Estrategias individuales

  • La importancia de controlar los sentimientos y las emociones.
    • Una de las formas más efectivas de hacer frente a estas situaciones es afrontar nuestros propios sentimientos, porque la fuerza de lo que sentimos -ya sea asco, frustración, rabia, angustia, desesperación o incluso miedo- afecta a nuestra manera de prestar los apoyos de cuidado personal e íntimo.
    • Son emociones muy reales y pueden tener un impacto negativo en nuestra salud física y mental. La Guía de Bienestar Emocional, en el apartado dedicado a la inteligencia emocional, puede ser de utilidad para profundizar en estas cuestiones.
       
  • Reconocer las propias emociones.
    • Lo primero que debemos hacer es prestar atención a cómo se siente nuestro cuerpo. Hay ciertos signos -aumento de la frecuencia cardiaca, respirar o tragar saliva más rápidamente, dolor de cabeza, sudoración, tensión en el cuello o en los hombros, dolor de estómago o apretar los dientes- indicativos de que estamos tratando de controlar emociones o sentimientos no siempre fáciles de reconocer.
    • Algunas de nuestras conductas también pueden ser señales de que estamos intentando controlar emociones de las cuales no somos conscientes. Por ejemplo:
      • Elevar el volumen de la voz.
      • Reñir a alguien.
      • Bromear sarcásticamente.
      • Ignorar o rehuir de una persona.
      • Mostrar impaciencia.
      • Reconocer estas señales puede ayudarnos a afrontar de otra manera lo que las está causando.
         
  • Revisar nuestra forma de pensar e interpretar los acontecimientos.
    • Nuestra forma de pensar y nuestros sentimientos están muy relacionados entre sí: cómo nos sentimos afecta a cómo pensamos y cómo pensamos afecta a cómo nos sentimos. Nuestros patrones de pensamiento pueden añadir más estrés a la situación a la que nos enfrentamos, de modo que si conseguimos modificar nuestra forma de pensar sobre una determinada situación, es probable que nuestros sentimientos cambien y que se reduzca el nivel de estrés.

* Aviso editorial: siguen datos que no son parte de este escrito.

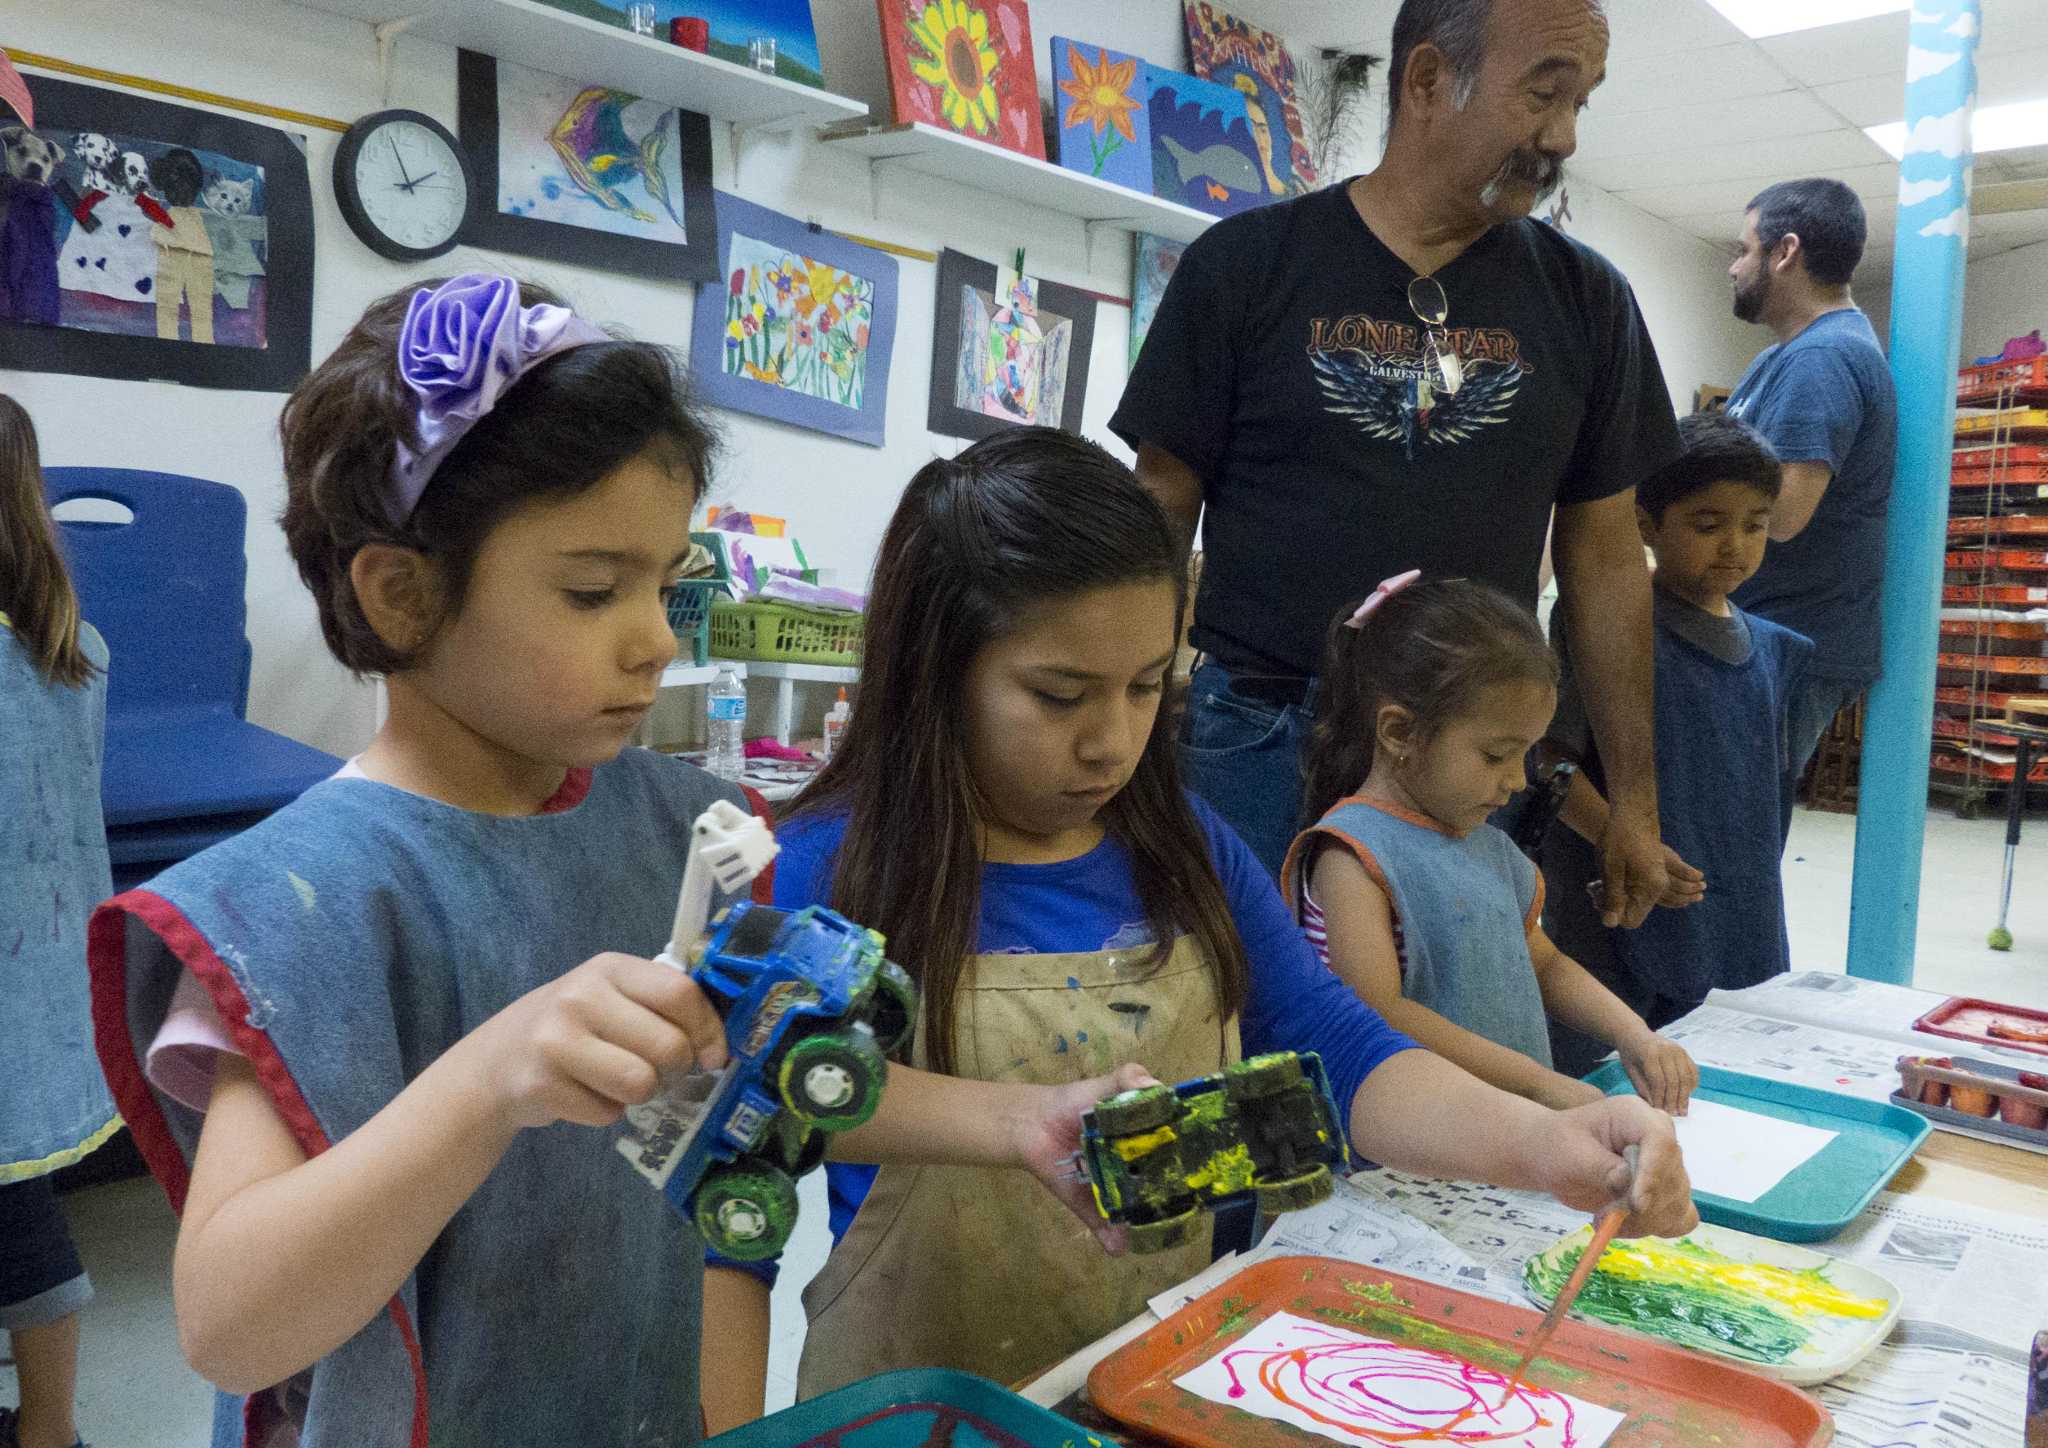 San Antonio summer camps abound for kids

    • El modelo A-B-C de Pensamientos y Sentimientos puede ayudarnos a afrontar el estrés que sentimos cuando tenemos que prestar apoyos de cuidado íntimo que nos resultan particularmente desagradables.
    • Veamos cómo con un ejemplo:
      • A: La persona con discapacidad ha defecado en el suelo.
      • B: El personal puede pensar: "Siempre igual, lo hace queriendo", o quizás piense: "No sirvo para este trabajo", "No puedo consentir que me haga esto; perderé mi autoridad frente al resto de los usuarios".
      • C: Como resultado de estos pensamientos se dan unas consecuencias emocionales en la persona profesional:
        • Si piensa "siempre igual, lo hace queriendo", la consecuencia emocional de su pensamiento probablemente sea de rabia.
        • Si lo que piensa es "no sirvo para este trabajo", la consecuencia emocional probablemente será de tristeza, o incluso de depresión.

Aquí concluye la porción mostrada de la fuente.